• **The task**: Using the listing below, output only the lines from the one that contains "Fun Pool Game" through the one that contains "You are currently", inclusive, exactly as given and without images.

___ Materials provided ___

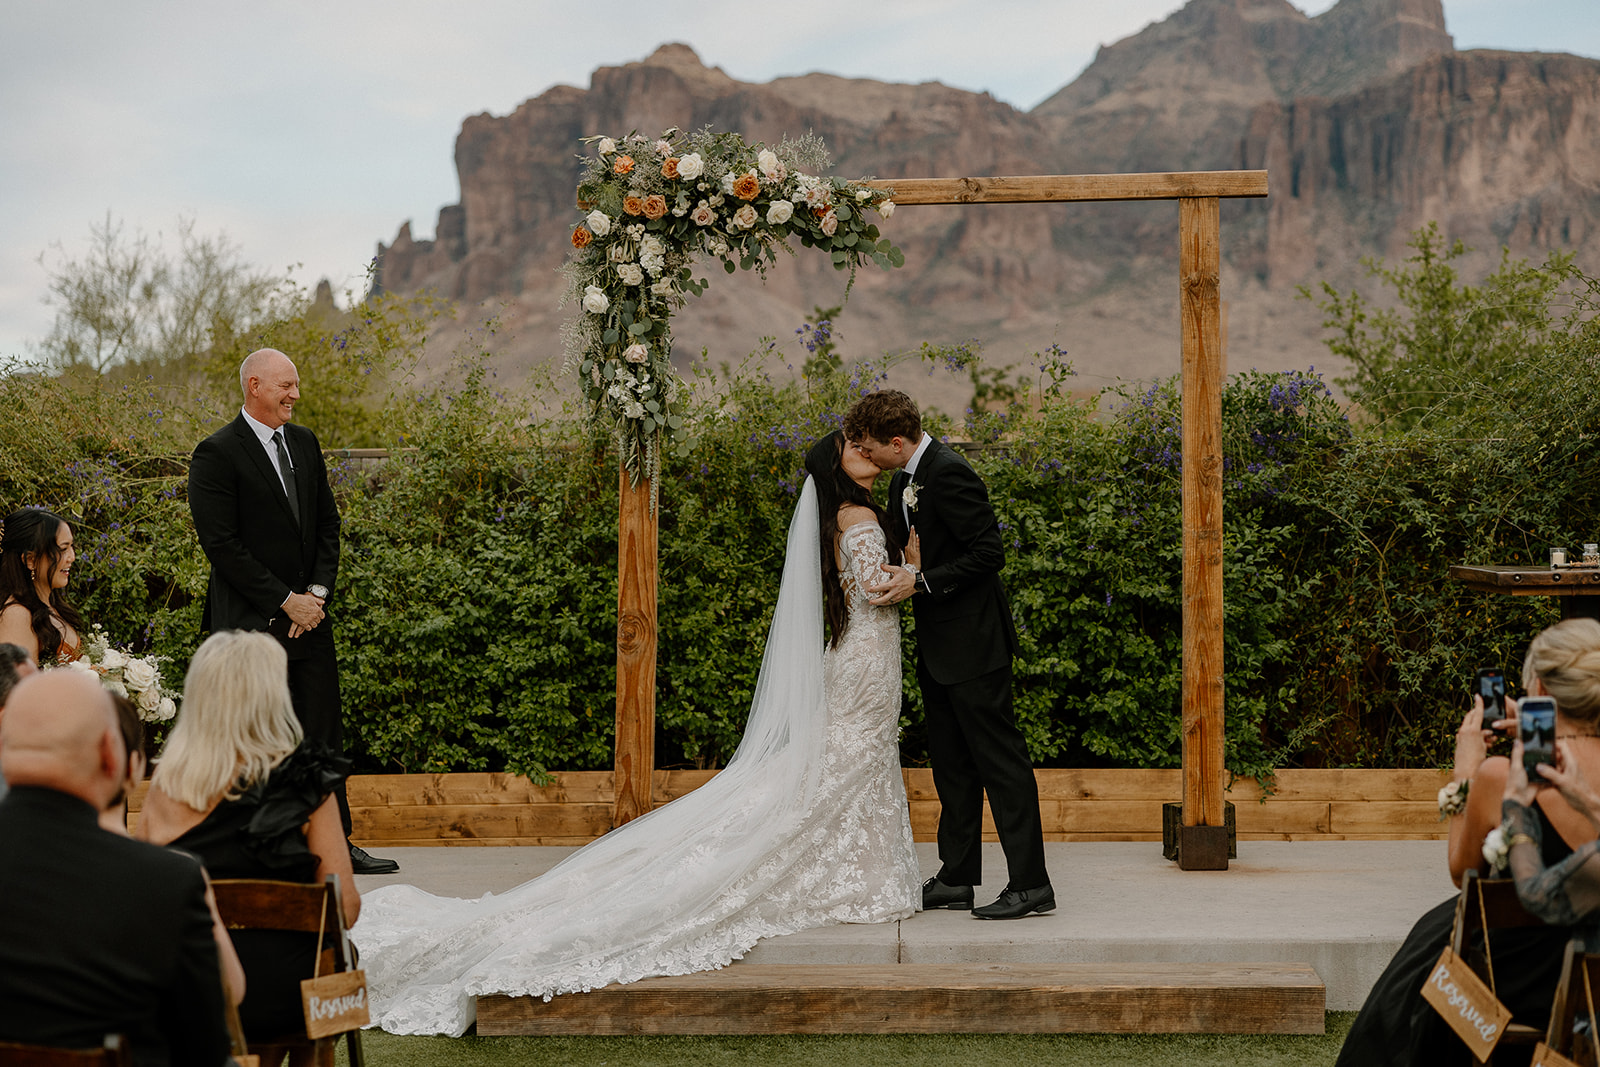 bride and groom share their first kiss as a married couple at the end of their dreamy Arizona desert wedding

___
___ Materials provided ___

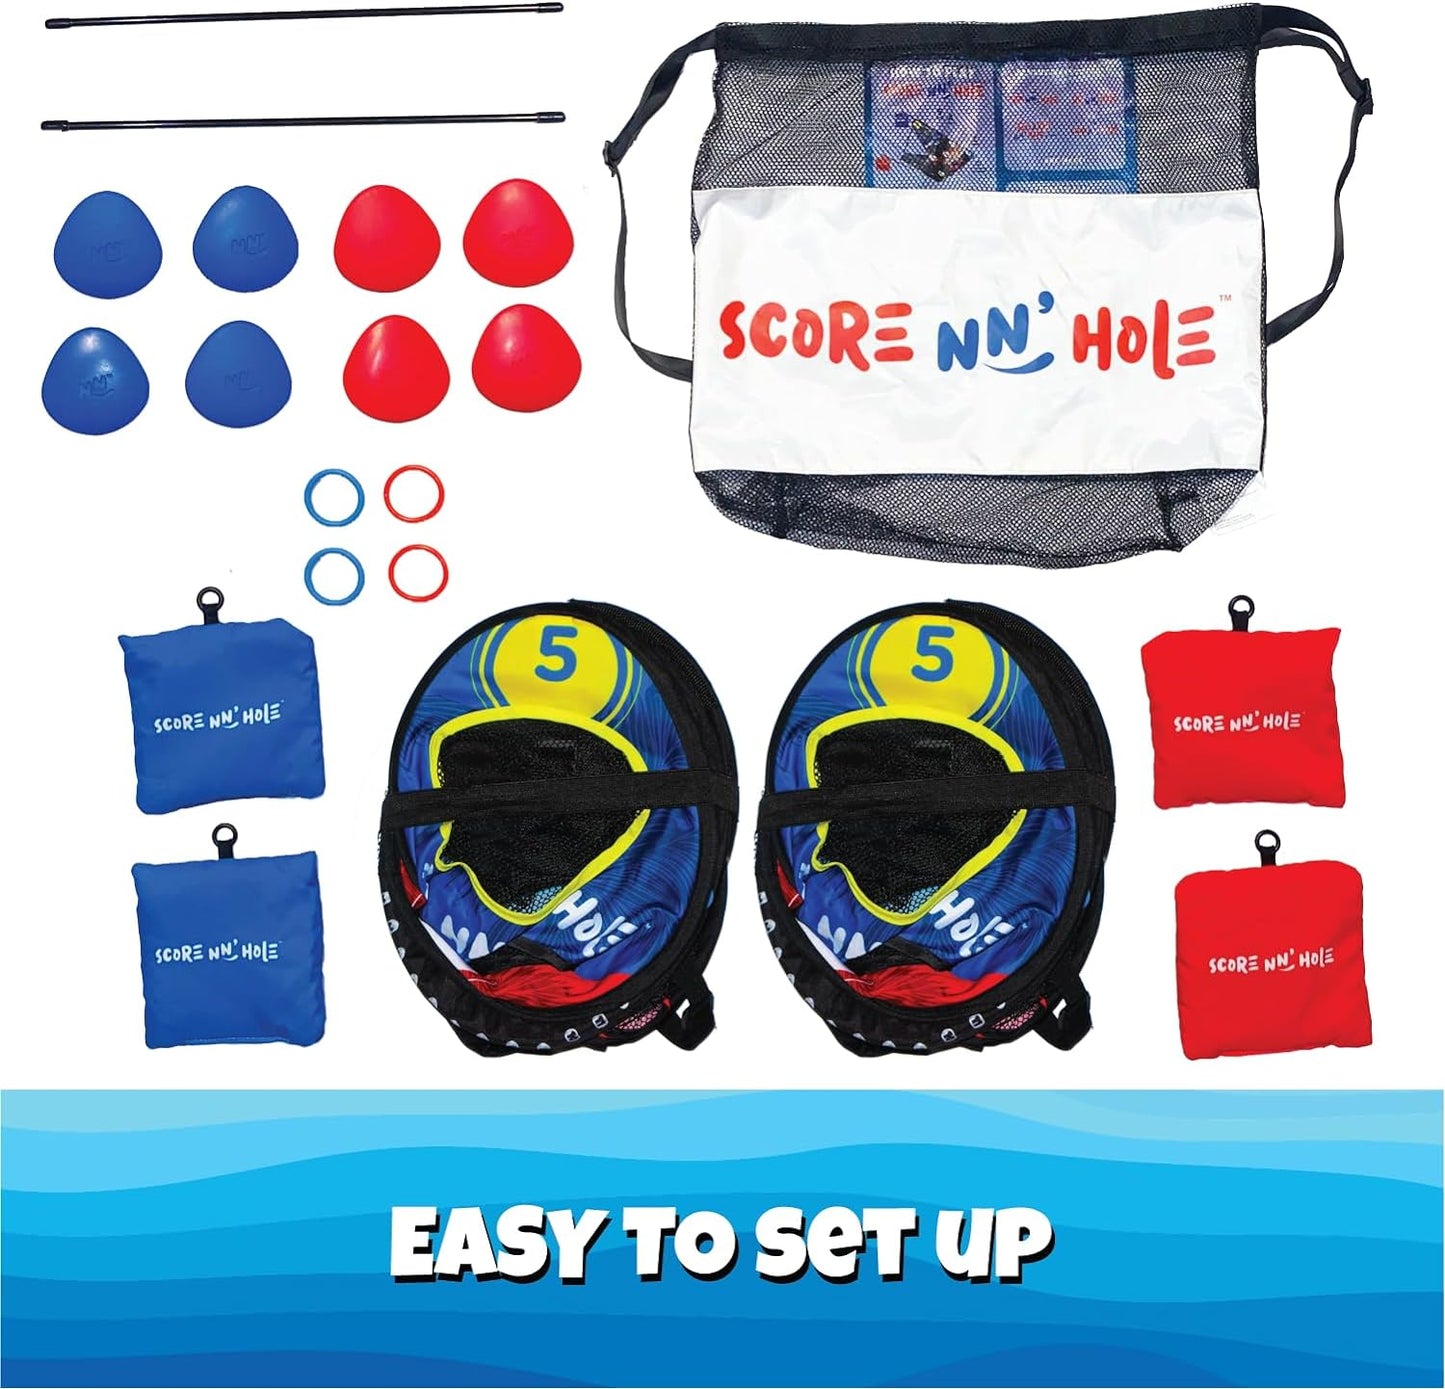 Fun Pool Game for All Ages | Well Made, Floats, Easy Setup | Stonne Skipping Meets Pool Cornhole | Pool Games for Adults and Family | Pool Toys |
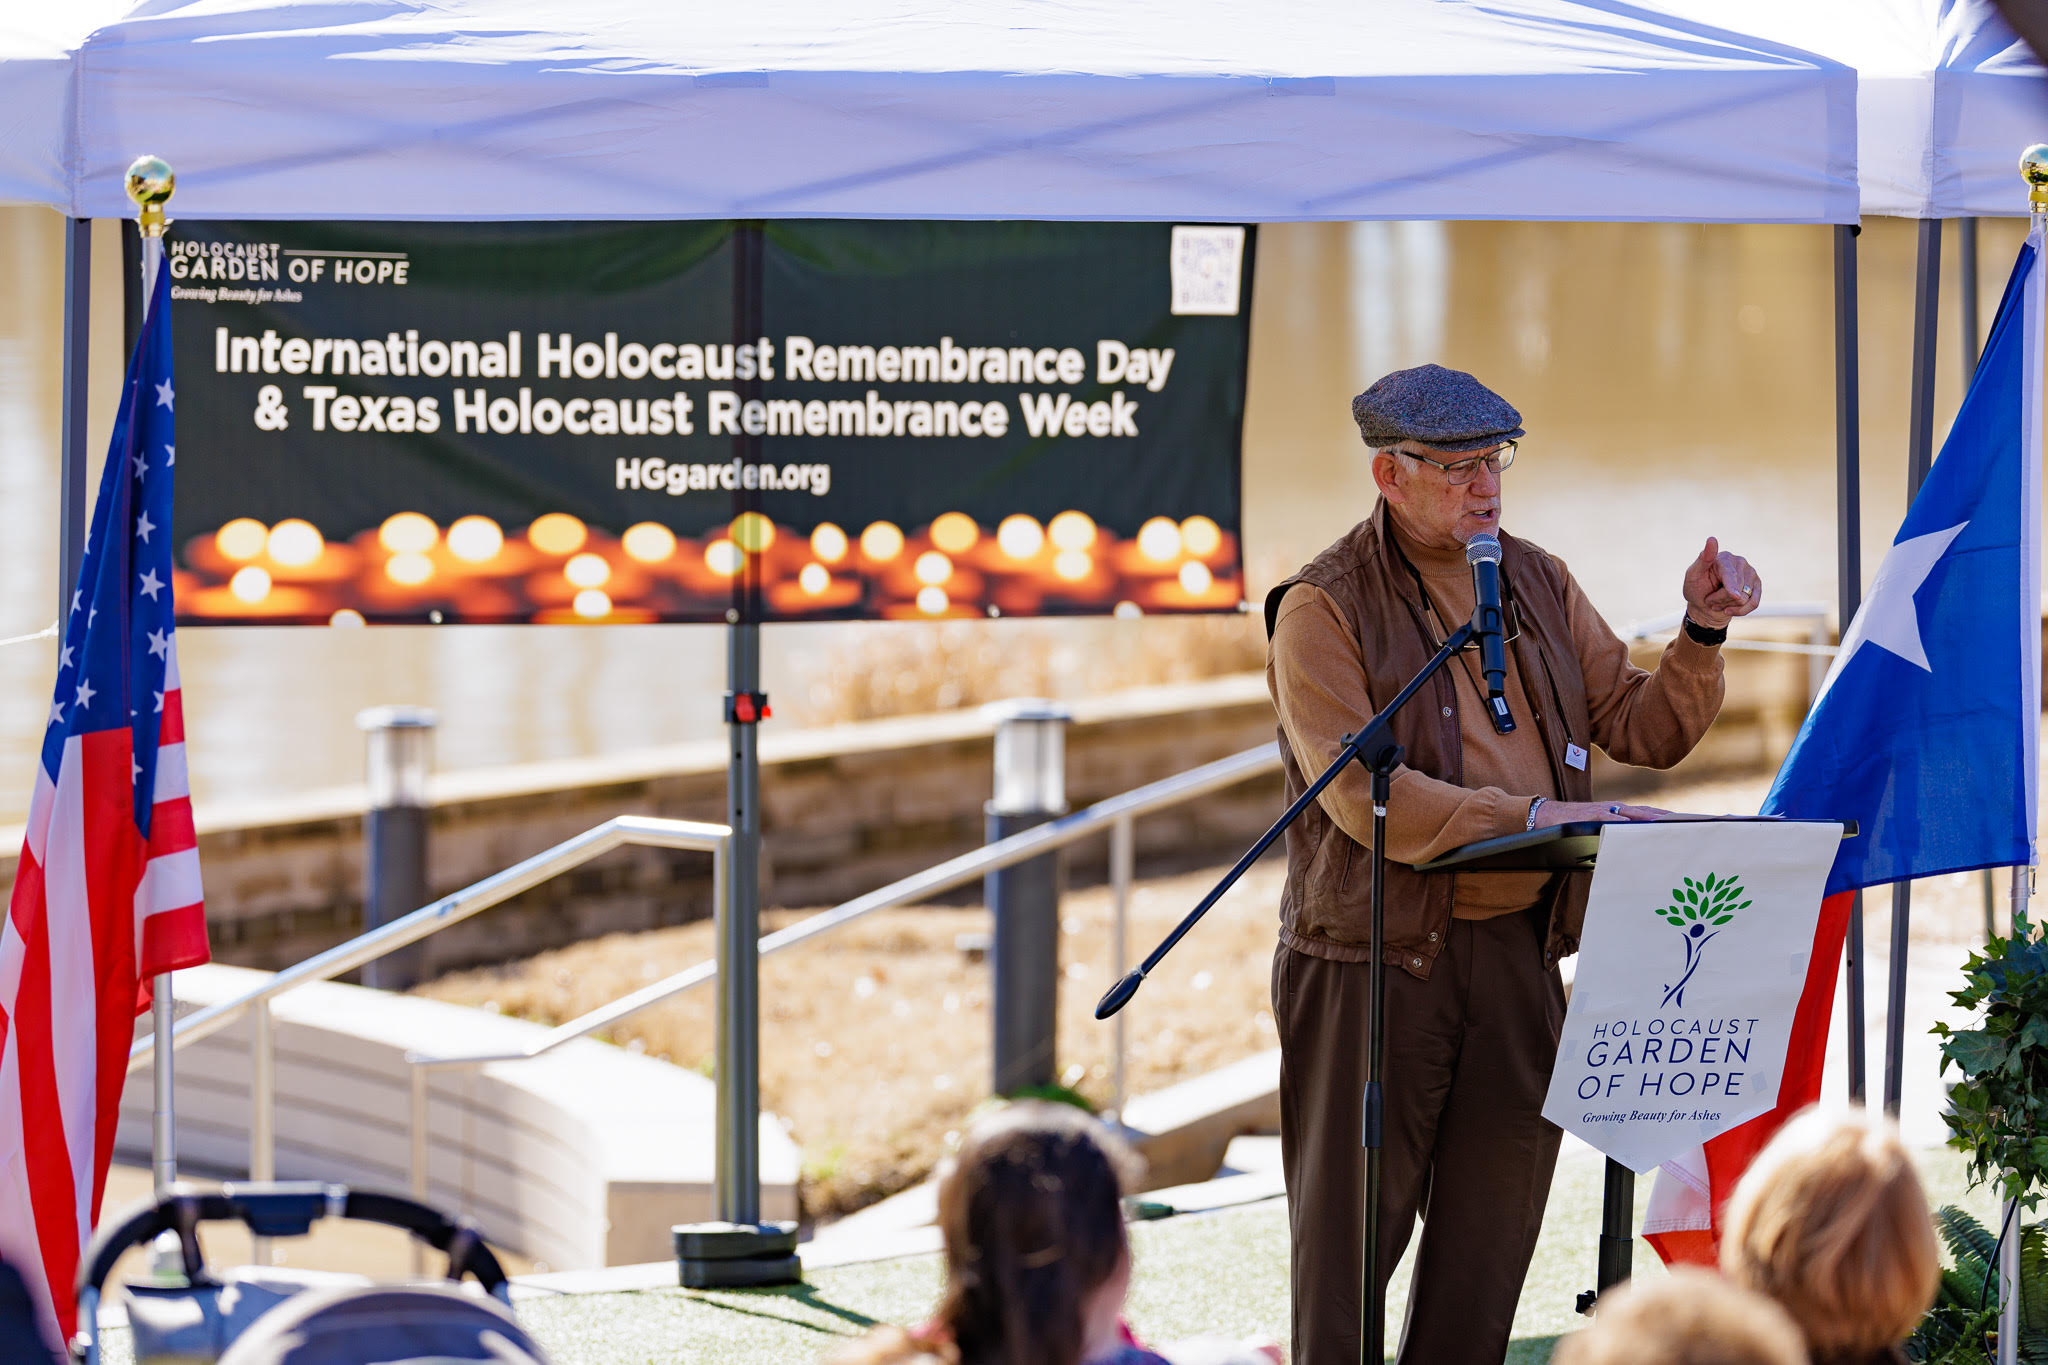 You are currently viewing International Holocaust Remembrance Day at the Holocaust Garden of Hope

___
___ Materials provided ___

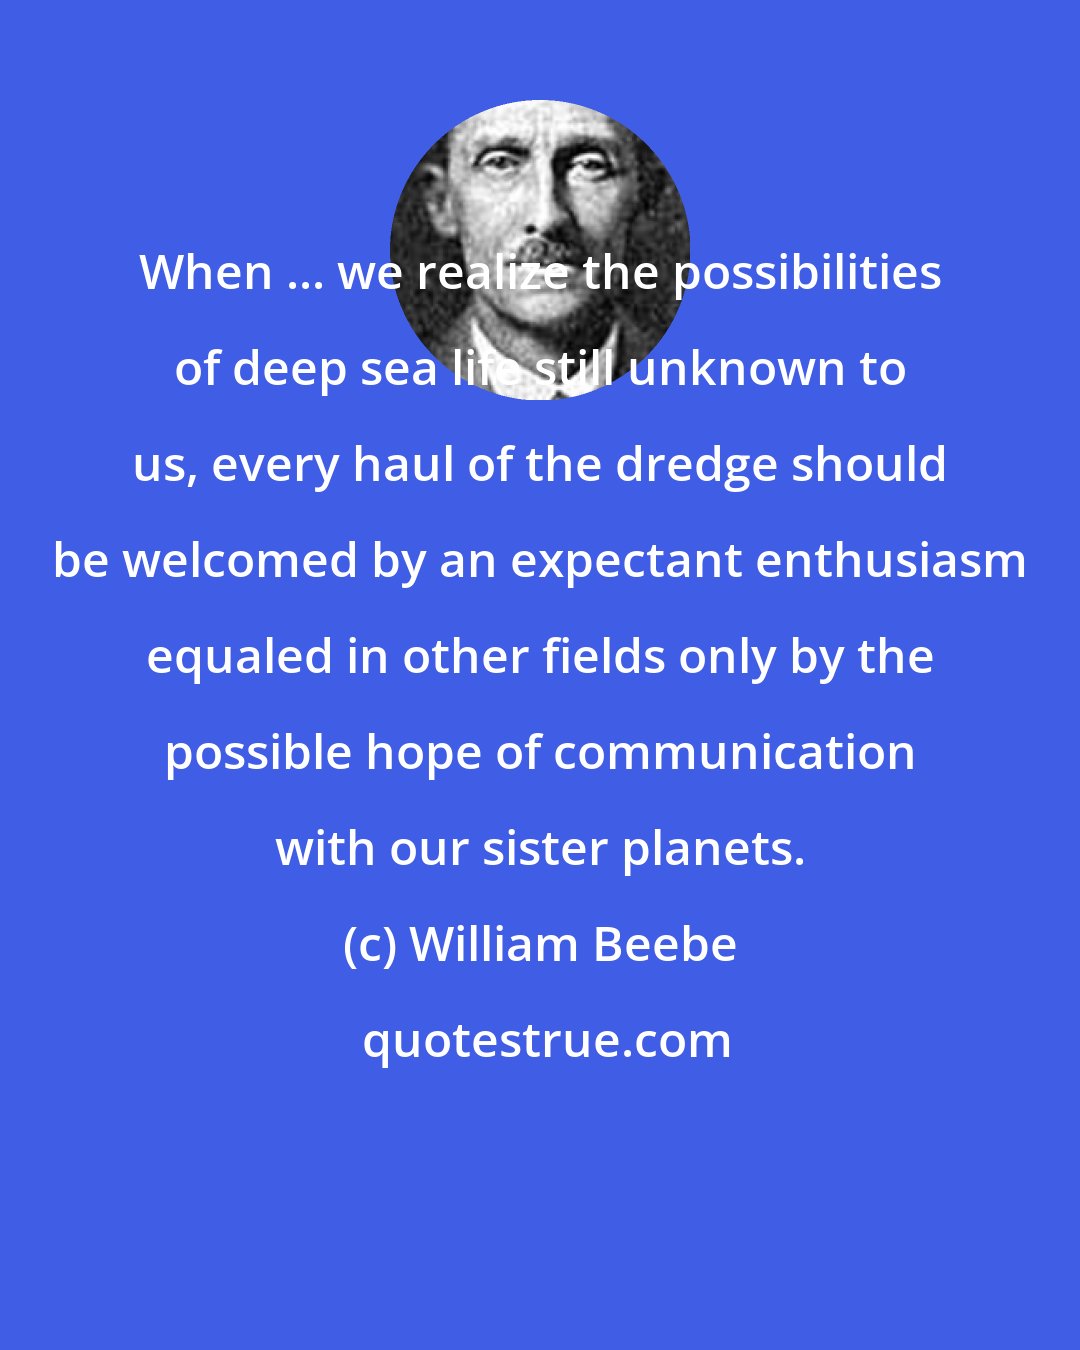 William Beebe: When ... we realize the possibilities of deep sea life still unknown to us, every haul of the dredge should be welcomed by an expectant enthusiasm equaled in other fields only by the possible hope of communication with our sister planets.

___

• **Expected output**:
 Fun Pool Game for All Ages | Well Made, Floats, Easy Setup | Stonne Skipping Meets Pool Cornhole | Pool Games for Adults and Family | Pool Toys |
 You are currently viewing International Holocaust Remembrance Day at the Holocaust Garden of Hope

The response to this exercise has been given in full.